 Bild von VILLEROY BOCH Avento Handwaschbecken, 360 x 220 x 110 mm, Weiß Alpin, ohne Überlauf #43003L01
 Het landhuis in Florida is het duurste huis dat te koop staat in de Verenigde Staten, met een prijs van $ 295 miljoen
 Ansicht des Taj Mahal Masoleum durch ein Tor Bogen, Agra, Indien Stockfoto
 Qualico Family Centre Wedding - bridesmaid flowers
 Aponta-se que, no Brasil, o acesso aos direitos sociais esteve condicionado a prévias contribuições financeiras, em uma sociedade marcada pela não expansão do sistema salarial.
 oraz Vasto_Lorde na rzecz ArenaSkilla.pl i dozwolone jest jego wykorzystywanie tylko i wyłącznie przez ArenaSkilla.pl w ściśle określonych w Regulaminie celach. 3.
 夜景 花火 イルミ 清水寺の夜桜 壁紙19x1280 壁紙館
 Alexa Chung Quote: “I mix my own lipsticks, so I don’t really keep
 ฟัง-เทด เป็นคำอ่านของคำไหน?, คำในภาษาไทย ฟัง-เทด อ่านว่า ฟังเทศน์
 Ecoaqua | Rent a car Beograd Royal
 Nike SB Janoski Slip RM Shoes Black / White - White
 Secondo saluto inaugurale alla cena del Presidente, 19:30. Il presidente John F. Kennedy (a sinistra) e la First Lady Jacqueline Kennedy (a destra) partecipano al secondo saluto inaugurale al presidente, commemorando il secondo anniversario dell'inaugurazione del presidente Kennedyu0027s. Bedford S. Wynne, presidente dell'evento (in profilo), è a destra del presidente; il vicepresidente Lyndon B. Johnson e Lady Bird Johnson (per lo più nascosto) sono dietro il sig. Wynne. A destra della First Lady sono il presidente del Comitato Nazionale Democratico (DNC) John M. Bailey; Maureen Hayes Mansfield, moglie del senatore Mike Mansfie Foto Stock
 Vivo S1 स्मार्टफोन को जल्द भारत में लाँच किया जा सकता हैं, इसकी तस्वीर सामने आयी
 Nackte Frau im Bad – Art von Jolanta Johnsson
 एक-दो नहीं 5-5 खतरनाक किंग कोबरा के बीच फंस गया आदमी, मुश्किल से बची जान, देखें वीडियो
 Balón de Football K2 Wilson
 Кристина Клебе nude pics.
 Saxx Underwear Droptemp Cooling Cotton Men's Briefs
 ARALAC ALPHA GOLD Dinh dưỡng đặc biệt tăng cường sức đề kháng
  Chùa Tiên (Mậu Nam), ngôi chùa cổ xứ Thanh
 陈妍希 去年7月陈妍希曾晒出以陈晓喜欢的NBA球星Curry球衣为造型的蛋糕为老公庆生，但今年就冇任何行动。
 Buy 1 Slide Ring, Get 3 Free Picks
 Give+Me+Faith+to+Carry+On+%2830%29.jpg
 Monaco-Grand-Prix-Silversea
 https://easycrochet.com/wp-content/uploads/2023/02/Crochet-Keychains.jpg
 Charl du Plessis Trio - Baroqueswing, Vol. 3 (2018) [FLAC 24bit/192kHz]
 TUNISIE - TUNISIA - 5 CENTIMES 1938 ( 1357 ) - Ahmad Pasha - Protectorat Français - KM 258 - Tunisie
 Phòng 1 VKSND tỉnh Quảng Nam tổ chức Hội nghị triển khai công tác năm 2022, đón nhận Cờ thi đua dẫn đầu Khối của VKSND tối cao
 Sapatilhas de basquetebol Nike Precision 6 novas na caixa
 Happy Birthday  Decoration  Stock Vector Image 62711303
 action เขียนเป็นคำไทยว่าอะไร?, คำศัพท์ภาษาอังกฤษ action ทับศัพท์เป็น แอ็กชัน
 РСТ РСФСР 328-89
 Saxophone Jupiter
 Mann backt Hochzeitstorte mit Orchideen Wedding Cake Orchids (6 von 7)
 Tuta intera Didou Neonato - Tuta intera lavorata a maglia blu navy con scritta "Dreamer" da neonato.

◆ **Exercise objective**
Looking at the entries above, can you reproduce exactly the lines from the one that holds "Nackte Frau im" through the one that holds "ARALAC ALPHA GOLD", and only those?

◆ **Expected answer**
 Nackte Frau im Bad – Art von Jolanta Johnsson
 एक-दो नहीं 5-5 खतरनाक किंग कोबरा के बीच फंस गया आदमी, मुश्किल से बची जान, देखें वीडियो
 Balón de Football K2 Wilson
 Кристина Клебе nude pics.
 Saxx Underwear Droptemp Cooling Cotton Men's Briefs
 ARALAC ALPHA GOLD Dinh dưỡng đặc biệt tăng cường sức đề kháng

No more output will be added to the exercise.